Даниил расслабился, в гостиной было прохладно. Женушка Нур-Сина заметно робела в его присутствии, вон как щечки заалели. Эта простота веселила и горячила кровь. Неплохо найти с ней общий язык, а еще лучше сойтись с ней. Это явно будет не вред организму, наоборот, обладание этой простушкой разгонит кровь по жилам, погасит желание. Не к месту вспомнилась жена, от этой мысли его слегка передернуло. Погасишь огонь и можешь без всякого ущерба для здоровья отпихнуть от себя раздавшуюся вширь жену. Судя по отзывам царя и кратким комментариям Набонида, посольство было успешным, теперь Нур-Сина могут ждать высокие должности при дворе. Нериглиссар ценит заслуги. К тому же с таким происхождением, как у сынка Набузардана, ему все дороги в Вавилоне открыты.
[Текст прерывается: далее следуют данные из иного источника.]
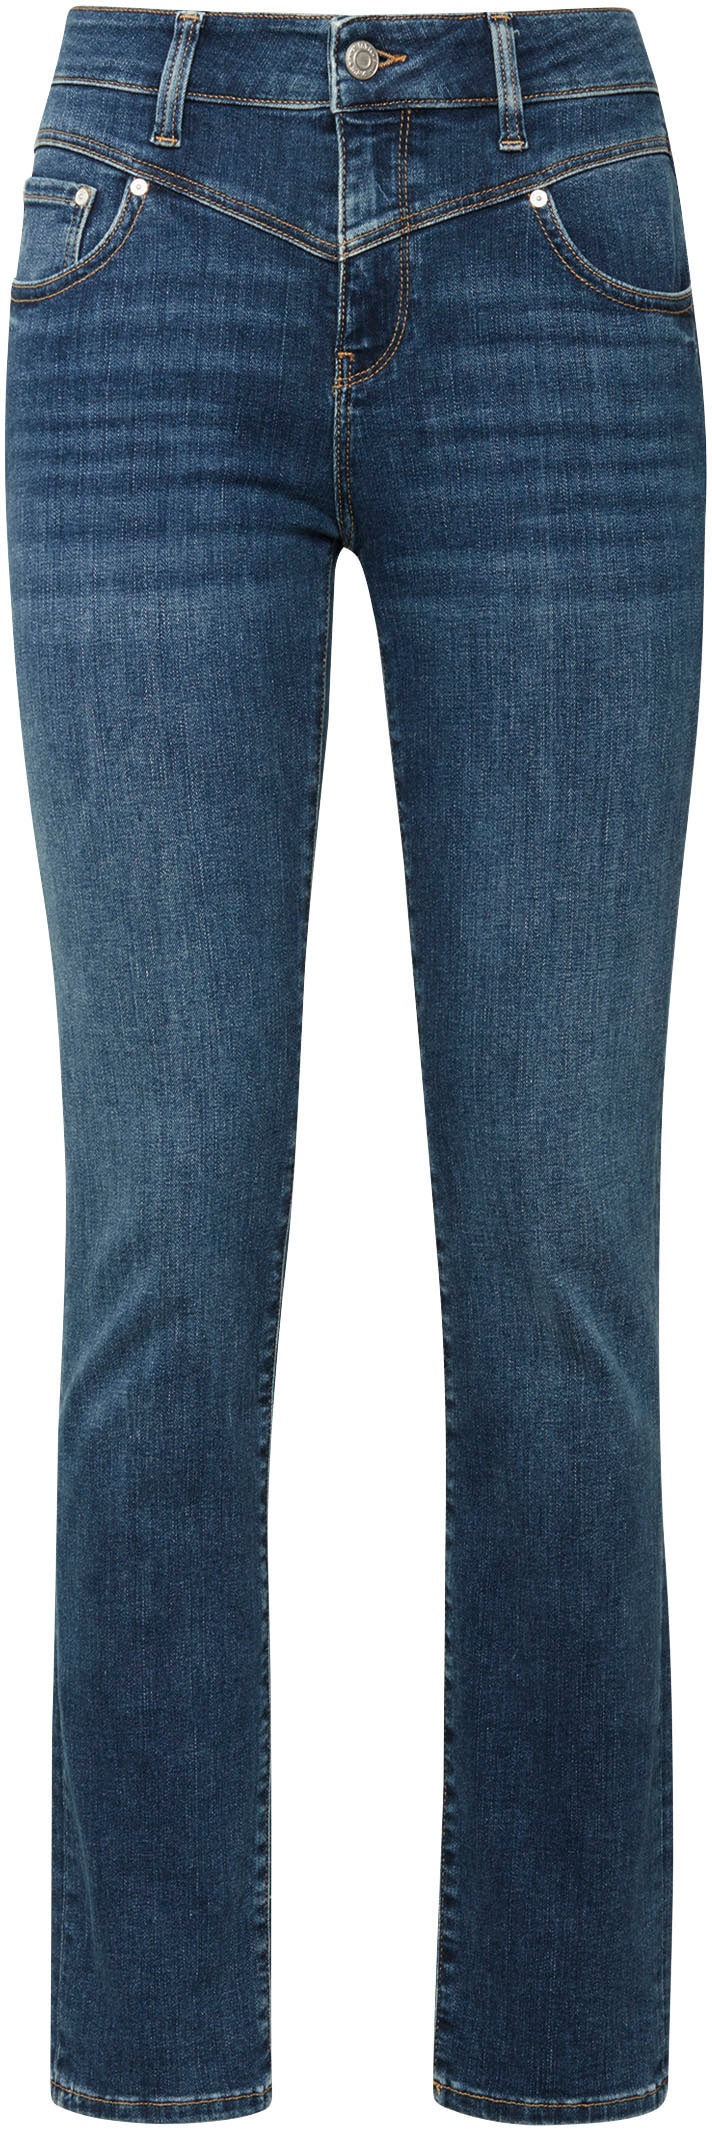 Mavi Slim-fit-Jeans, trageangenehmer Stretchdenim dank hochwertiger Verarbeitung

Однако он, похоже, мямля, в награду за посольство потребовал должность хранителя никому не нужных камней и черепков. С другой стороны, человек он добросовестный и сумеет сохранить в целости и сохранности сосуды и утварь, доставленные из храма Соломона. Эти священные предметы очень понадобятся, когда колена Израилевы вернуться на землю обетованную. Что, если этот Нур-Син в начальники над Даниилом выбьется? Вряд ли. Даниилу тоже грех жаловаться — он, единственный из советников Амеля, сохранил не только чин, но и место. Более того, пошел на повышение. Не повезло Седекии, его опять затолкали в узилище. Говорят, попал в ту же камеру, в которой просидел около двадцати лет до недолгого освобождения. В этой ухмылке судьбе опять же читалась рука Набонида. При мысли о несменяемом царском голове сердце оледенело. Ах, если бы действительно удалось проникнуть в замыслы этого змея! Может, с помощью Луринду удастся проложить тропку к тайнам Набонида. Если ему удастся овладеть сердцем этой красотки, так оно и будет.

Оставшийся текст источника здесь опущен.